The entries below hold a line with "how to grow herbs" and a line with "Flannel shirt black". Return those lines and all that lie between them, exactly and only.
BEGIN Entries provided
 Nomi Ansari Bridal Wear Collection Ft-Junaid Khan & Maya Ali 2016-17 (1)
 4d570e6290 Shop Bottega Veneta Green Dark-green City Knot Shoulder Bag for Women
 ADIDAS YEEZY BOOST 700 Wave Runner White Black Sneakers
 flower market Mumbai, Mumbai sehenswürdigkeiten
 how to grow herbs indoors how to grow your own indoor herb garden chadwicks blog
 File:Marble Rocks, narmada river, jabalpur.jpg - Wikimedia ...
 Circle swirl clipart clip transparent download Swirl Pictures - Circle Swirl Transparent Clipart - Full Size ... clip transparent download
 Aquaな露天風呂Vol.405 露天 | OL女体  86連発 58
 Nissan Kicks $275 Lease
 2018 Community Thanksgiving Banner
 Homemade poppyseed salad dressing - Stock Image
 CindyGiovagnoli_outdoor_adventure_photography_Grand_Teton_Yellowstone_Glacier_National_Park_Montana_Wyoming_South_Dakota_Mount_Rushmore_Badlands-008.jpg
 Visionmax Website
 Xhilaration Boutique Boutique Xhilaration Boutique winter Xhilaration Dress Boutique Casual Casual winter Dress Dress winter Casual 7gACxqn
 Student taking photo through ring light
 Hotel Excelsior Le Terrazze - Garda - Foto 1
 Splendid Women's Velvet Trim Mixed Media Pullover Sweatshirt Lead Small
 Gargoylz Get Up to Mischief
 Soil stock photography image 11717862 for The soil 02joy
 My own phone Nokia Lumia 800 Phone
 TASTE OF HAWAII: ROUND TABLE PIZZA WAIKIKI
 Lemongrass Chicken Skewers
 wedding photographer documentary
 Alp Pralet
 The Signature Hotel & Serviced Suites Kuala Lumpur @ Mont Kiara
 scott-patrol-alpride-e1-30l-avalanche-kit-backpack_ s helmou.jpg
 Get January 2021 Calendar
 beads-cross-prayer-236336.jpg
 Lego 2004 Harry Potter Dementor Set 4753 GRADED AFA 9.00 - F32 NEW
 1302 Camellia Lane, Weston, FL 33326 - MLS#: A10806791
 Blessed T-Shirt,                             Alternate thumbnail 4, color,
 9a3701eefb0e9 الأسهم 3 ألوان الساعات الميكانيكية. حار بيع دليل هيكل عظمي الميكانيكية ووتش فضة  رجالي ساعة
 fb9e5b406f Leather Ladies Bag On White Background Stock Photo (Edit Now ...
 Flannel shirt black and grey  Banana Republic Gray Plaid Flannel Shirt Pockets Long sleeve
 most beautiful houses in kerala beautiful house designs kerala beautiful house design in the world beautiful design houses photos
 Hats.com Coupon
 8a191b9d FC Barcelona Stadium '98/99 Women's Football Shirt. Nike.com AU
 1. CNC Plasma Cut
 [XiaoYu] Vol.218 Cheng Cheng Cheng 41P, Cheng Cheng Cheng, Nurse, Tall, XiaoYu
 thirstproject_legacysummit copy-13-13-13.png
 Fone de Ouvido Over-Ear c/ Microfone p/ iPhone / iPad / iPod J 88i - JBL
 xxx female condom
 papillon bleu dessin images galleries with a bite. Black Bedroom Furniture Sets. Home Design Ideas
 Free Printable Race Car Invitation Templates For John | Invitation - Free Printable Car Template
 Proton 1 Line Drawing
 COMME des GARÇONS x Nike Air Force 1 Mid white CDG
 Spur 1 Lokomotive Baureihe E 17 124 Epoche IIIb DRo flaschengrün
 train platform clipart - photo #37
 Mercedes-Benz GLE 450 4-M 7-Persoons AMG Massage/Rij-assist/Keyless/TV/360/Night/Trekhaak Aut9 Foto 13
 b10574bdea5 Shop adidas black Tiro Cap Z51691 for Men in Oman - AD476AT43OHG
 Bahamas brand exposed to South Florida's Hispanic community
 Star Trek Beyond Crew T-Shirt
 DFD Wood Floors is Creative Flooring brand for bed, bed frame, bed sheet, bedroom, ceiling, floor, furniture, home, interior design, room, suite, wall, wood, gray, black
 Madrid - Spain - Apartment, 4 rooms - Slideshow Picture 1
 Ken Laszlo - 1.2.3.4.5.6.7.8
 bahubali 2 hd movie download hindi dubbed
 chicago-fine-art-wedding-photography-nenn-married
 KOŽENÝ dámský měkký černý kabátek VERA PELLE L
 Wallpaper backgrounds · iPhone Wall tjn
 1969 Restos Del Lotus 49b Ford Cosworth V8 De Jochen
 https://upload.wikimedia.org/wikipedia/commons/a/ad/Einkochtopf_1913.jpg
END Entries provided
### Answer box
 how to grow herbs indoors how to grow your own indoor herb garden chadwicks blog
 File:Marble Rocks, narmada river, jabalpur.jpg - Wikimedia ...
 Circle swirl clipart clip transparent download Swirl Pictures - Circle Swirl Transparent Clipart - Full Size ... clip transparent download
 Aquaな露天風呂Vol.405 露天 | OL女体  86連発 58
 Nissan Kicks $275 Lease
 2018 Community Thanksgiving Banner
 Homemade poppyseed salad dressing - Stock Image
 CindyGiovagnoli_outdoor_adventure_photography_Grand_Teton_Yellowstone_Glacier_National_Park_Montana_Wyoming_South_Dakota_Mount_Rushmore_Badlands-008.jpg
 Visionmax Website
 Xhilaration Boutique Boutique Xhilaration Boutique winter Xhilaration Dress Boutique Casual Casual winter Dress Dress winter Casual 7gACxqn
 Student taking photo through ring light
 Hotel Excelsior Le Terrazze - Garda - Foto 1
 Splendid Women's Velvet Trim Mixed Media Pullover Sweatshirt Lead Small
 Gargoylz Get Up to Mischief
 Soil stock photography image 11717862 for The soil 02joy
 My own phone Nokia Lumia 800 Phone
 TASTE OF HAWAII: ROUND TABLE PIZZA WAIKIKI
 Lemongrass Chicken Skewers
 wedding photographer documentary
 Alp Pralet
 The Signature Hotel & Serviced Suites Kuala Lumpur @ Mont Kiara
 scott-patrol-alpride-e1-30l-avalanche-kit-backpack_ s helmou.jpg
 Get January 2021 Calendar
 beads-cross-prayer-236336.jpg
 Lego 2004 Harry Potter Dementor Set 4753 GRADED AFA 9.00 - F32 NEW
 1302 Camellia Lane, Weston, FL 33326 - MLS#: A10806791
 Blessed T-Shirt,                             Alternate thumbnail 4, color,
 9a3701eefb0e9 الأسهم 3 ألوان الساعات الميكانيكية. حار بيع دليل هيكل عظمي الميكانيكية ووتش فضة  رجالي ساعة
 fb9e5b406f Leather Ladies Bag On White Background Stock Photo (Edit Now ...
 Flannel shirt black and grey  Banana Republic Gray Plaid Flannel Shirt Pockets Long sleeve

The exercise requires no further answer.